9 марта, 2017

Александр Мещеряков: «У японцев рассказы получаются очень хорошо. И Акутагава это прекрасно подтверждает»

Интервью с японоведом Александром Мещеряковым

Александр Николаевич Мещеряков — выдающийся российский историк, японист и переводчик, автор более 300 научных публикаций и лауреат премии «Просветитель» за книгу «Император Мэйдзи и его Япония». Среди его трудов: «Terra Nipponica: Среда обитания и среда воображения», «Стать японцем. Топография тела и его приключения», «Книга японских символов». Также он автор сборников стихов и прозы.

Мы встретились с Александром Николаевичем и поговорили о лучших японских писателях эпохи модерна, феномене хикикомори и русском следе в японской литературе.

 

Недавно отмечался юбилей, 125 лет со дня рождения Акутагавы Рюноскэ. Когда звучит словосочетание «японская литература», то тут же вспоминается несколько ключевых имен. Ныне широко известный Мураками. Из XX века: Мисима, Кобо Абэ и, собственно, Акутагава. Но Акутагава всегда на первом месте. Чем это объясняется?

Надо еще добавить Кавабата Ясунари, Нацумэ Сосэки, Кэндзабуро Оэ, Дадзай Осаму. Это как минимум. Акутагава, безусловно, — очень значимая фигура. Перво-наперво он хорошо писал. Не всегда понятно, как это объяснить. Что это вообще значит: «хорошо писал»? Чудо оно и есть чудо. Мне не хочется знать секреты фокусника, мне он дорог именно тем, что я не знаю его секретов. Акутагава писал действительно хорошо. Он успел прожить мало, а понять много.

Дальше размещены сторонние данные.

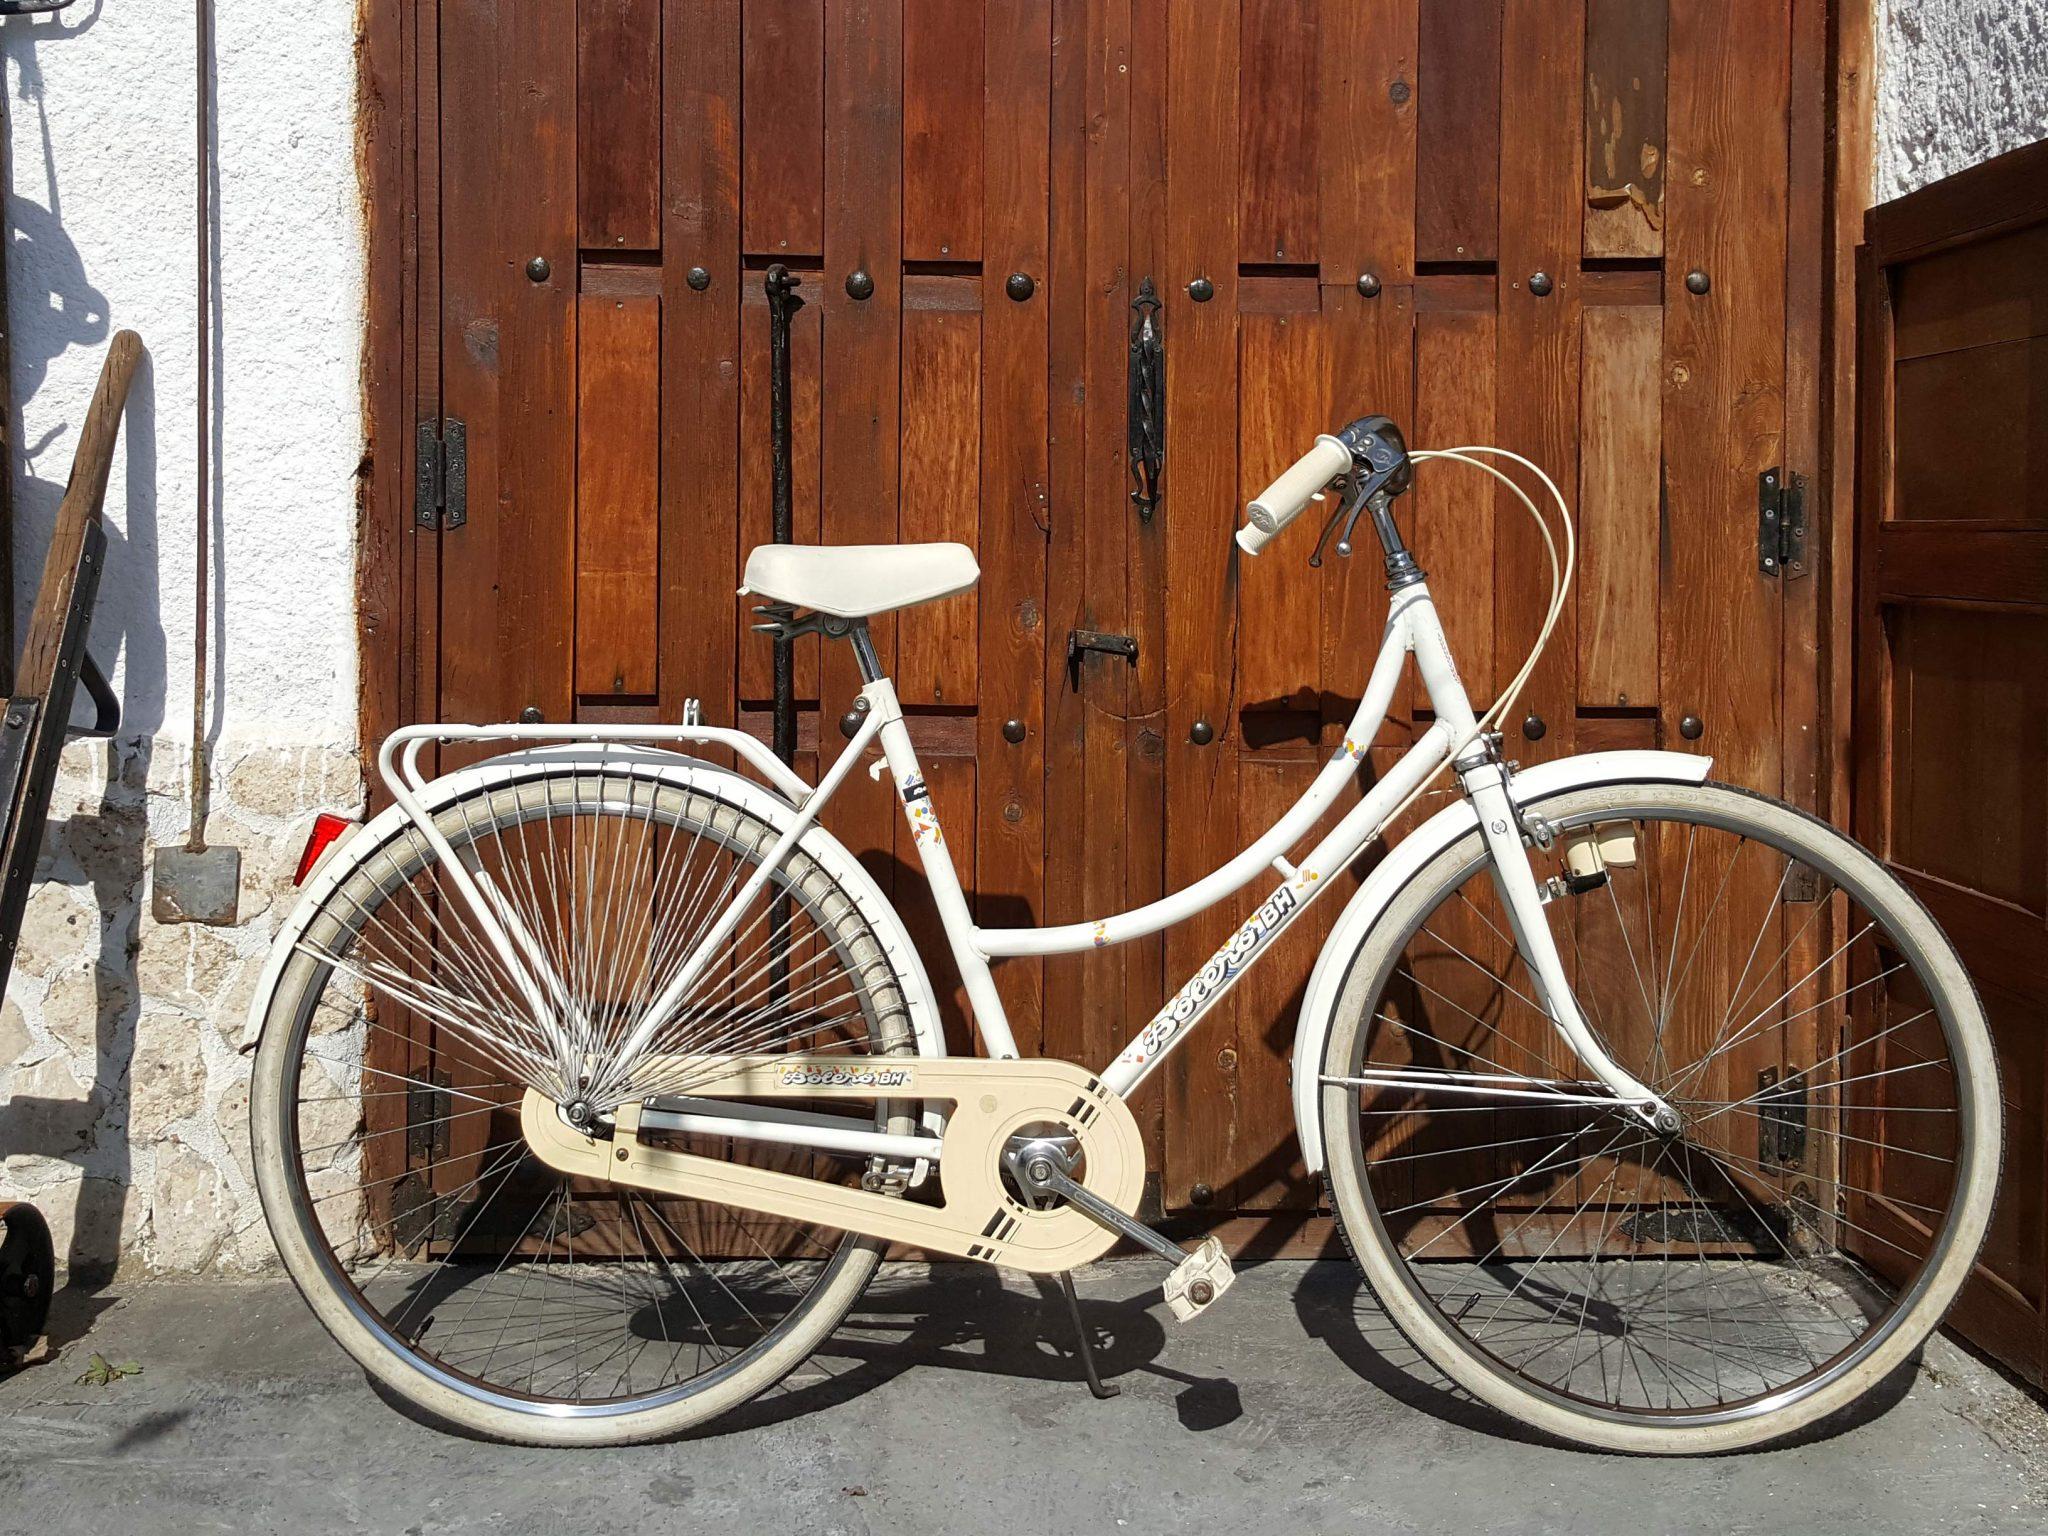 Los Martínez Banco de bicis Alquiler bicicletas especiales Ana Belén Portugal Cascais BH Bolero blanca
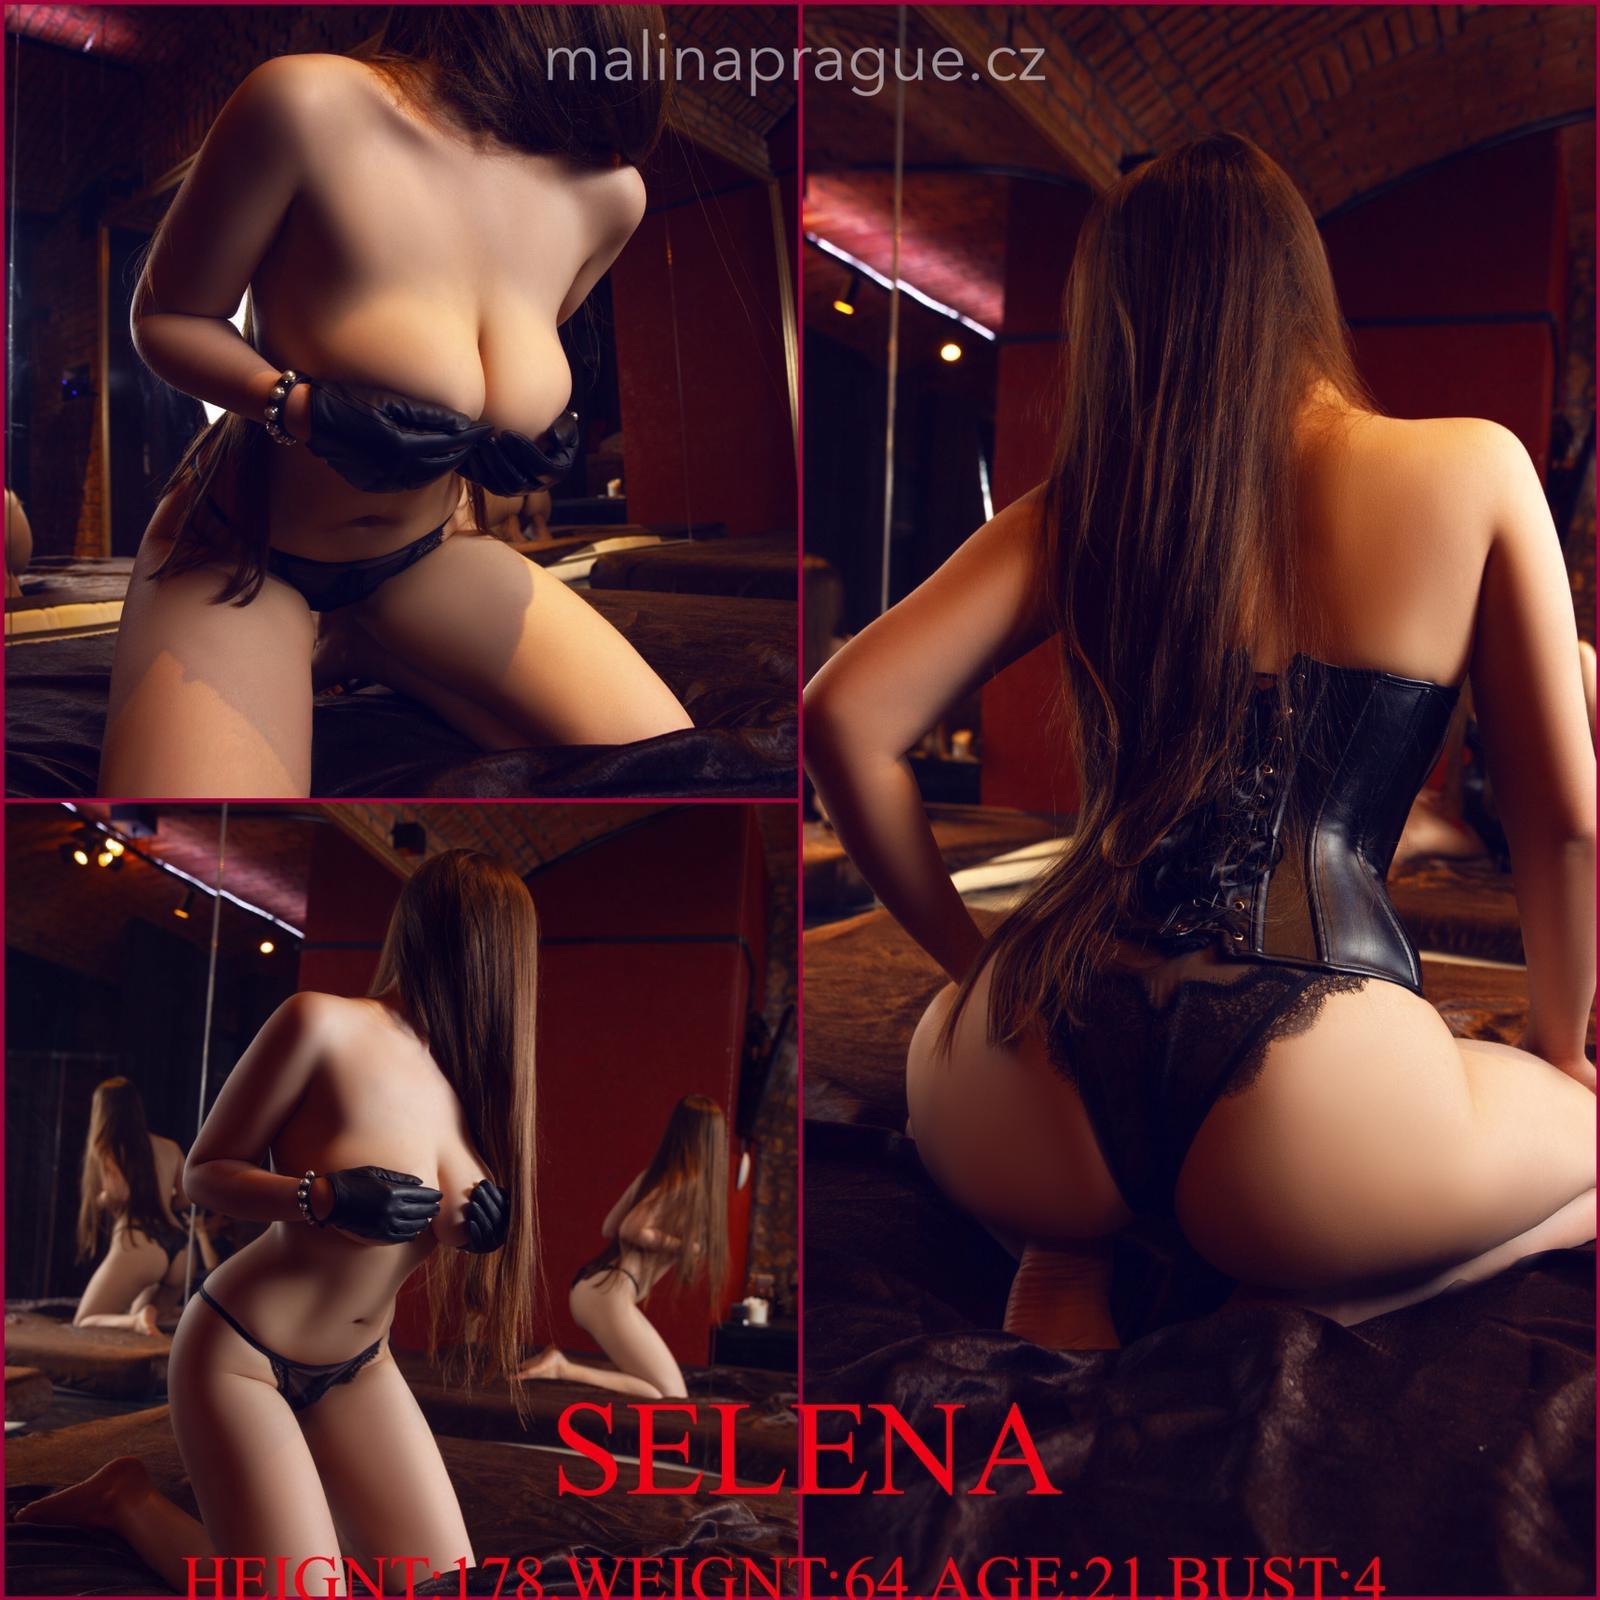 Selena erotic masseuse

Ему, если мне не изменяет память, было всего 35 лет.

Тем не менее поражает, как замечательно он понимал психологию человека. Причем он умел это делать на очень малом текстовом пространстве. Японским писателям вообще короткая проза удается лучше, чем длинная. Возможно, что это каким-то образом связано с традицией, которая всегда вплоть до XX века считала поэзию приоритетным жанром. А японские стихи — короткие, они приучают к краткости. Поэзия была жанром, не сравнимым по статусности с художественной прозой. В период Токугава (XVII — XIX века) было сочинено множество различных нравоучительных и философских трактатов, художественная же проза же считалась низким жанром. Было написано очень много, это были юмористические и занимательные вещи на потребу широкой публике. Переводить их сложно, там много игры слов и ушедших реалий. Профессионалы-графоманы писали страшно много, спешили.

Тот же Акутагава описывал подобного писаку в новелле «Одержимый творчеством».

Еще в конце XIX века к писателям-прозаикам относились с пренебрежением. Знаменитый просветитель и западник Фукудзава Юкити говорил про Цубоути Сёё, одного из зачинателей современной японской прозы: «Он же университетский профессор, как он может писать фикшн!». Но к началу прошлого столетия ситуация потихоньку меняется и появляются такие хорошие писатели, как Токутоми Рока, Хигути Итиё, Нацумэ Сосэки, и где-то в 10-ых годах XX века возникает всеобщая страсть интеллигентных юношей: «Я буду писателем!». И вот это поколение выстрелило в 20-ых годах — Акутагава, Кавабата. Это были очень сильные и замечательные писатели.

Мне еще Танидзаки Дзюнъитиро вспоминается.

Безусловно. Это та же компания. У японцев рассказы получаются очень хорошо. И Акутагава это прекрасно подтверждает. То, что называют японскими романами, довольно часто романами на самом деле не являются. Это повести. Например, сравнительно протяженные тексты Кавабаты Ясунари, но это не романы. У Танидзаки они есть. Возьмем, например, «Мелкий снег», совершенно эпическое произведение.

А какого влияние русской литературы на японскую начала прошлого века? Например, я вспоминаю, что у того же Нацумэ Сосэки целые куски были взяты из Леонида Андреева, а у Акутагавы в новелле «Вальдшнеп» главными героями были Толстой и Тургенев.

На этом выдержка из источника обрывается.